Chicken cholera is a highly contagious and lethal disease that occurred in epidemics in poultry yards. It is caused by the Pasteurella multocida zoonotic bacterium. It is the most common pasteurellosis of poultry. The symptoms range from acute septicaemia to chronic and localised infections - the lesions are predominantly related to vascular injuries. The morbidity and mortality may be up to 100%.

At the time of its discovery, the “germ theory” - developed in the 1800s - stated that many diseases are caused by the presence and action of specific micro-organisms. So naturally scientists were more inclined to the idea that a microbe was the cause of this debilitating disease.

The illness was one of the first infectious diseases to be recognised by Pasteur who describes the microbe as “ tiny bodies, extremely slender and constricted in the middle, which would at first sight be taken for isolated dots.”

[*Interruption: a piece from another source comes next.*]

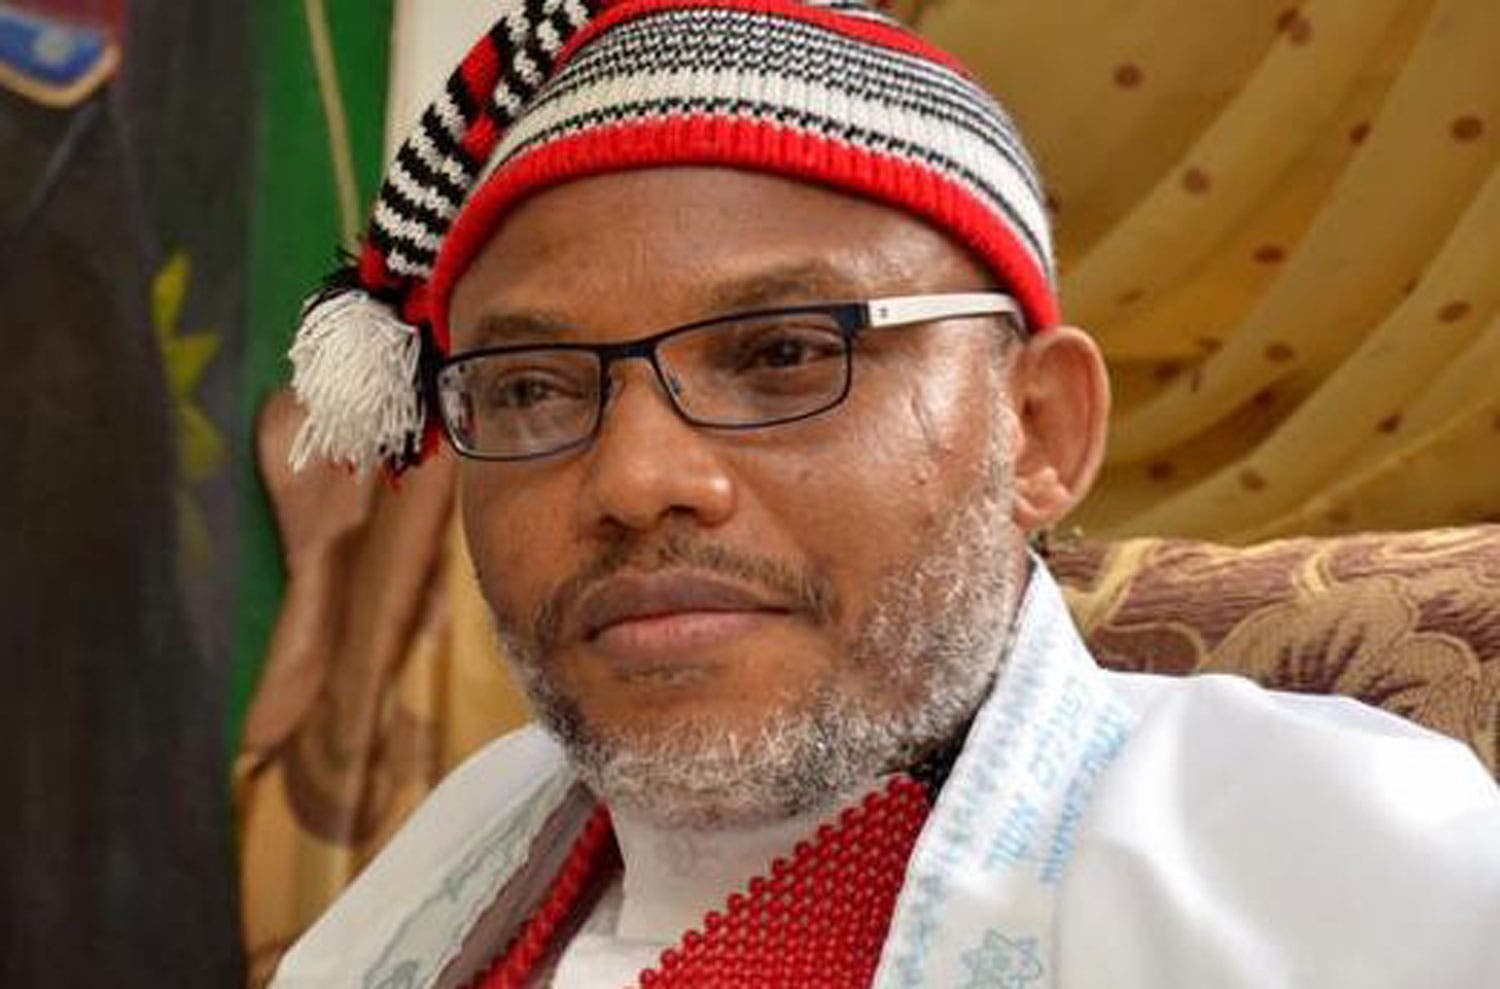 Biafra: Lawyer reveals Nnamdi Kanu’s current condition in DSS detention

Pasteur knew about the work done by Edward Jenner regarding smallpox and reasoned that if a vaccine could be found for smallpox, then a vaccine could be found for all diseases. Pasteur did not know how Jenner’s vaccination worked so he had to proceed searching for a chicken cholera vaccine using a process of trial and error.

Pasteur succeeded in cultivating the microbe outside the body in a neutral, sterilized broth made of ground up chicken meat. Small amounts of the broth sprinkled on the food given to chickens caused the disease and Pasteur proceeded to demonstrate that the microbe flourished in the gut of the infected chickens, and passed on the infection through the faeces. The microbe was fatal to rabbits on inoculation but when injected into the skin of guinea-pigs produced a local abscess. Such infected (but generally healthy) guinea pigs however could spread the disease to both rabbits and poultry.

In the summer of 1880, Pasteur found a vaccine by chance, after forgetting one of his cultures. With the help of a colleague Charles Chamberland, he showed that Chicken cholera germs from an old culture that had been around for some time lost their ability to transmit the disease. The inoculated chickens did not die. Pasteur repeated what he had done but with a fresh culture of chicken cholera germs. Pasteur reasoned that a new culture would provide more potent germs.

Two groups of chickens were inoculated; one that had been given the old culture and one group that had not. Those chickens that had been given the old culture survived, those that had not died. The chickens that had been inoculated with the old culture had become immune to chicken cholera. Pasteur believed that their bodies had used the weaker strain of germ to form a defence against the more powerful germs in the fresher culture.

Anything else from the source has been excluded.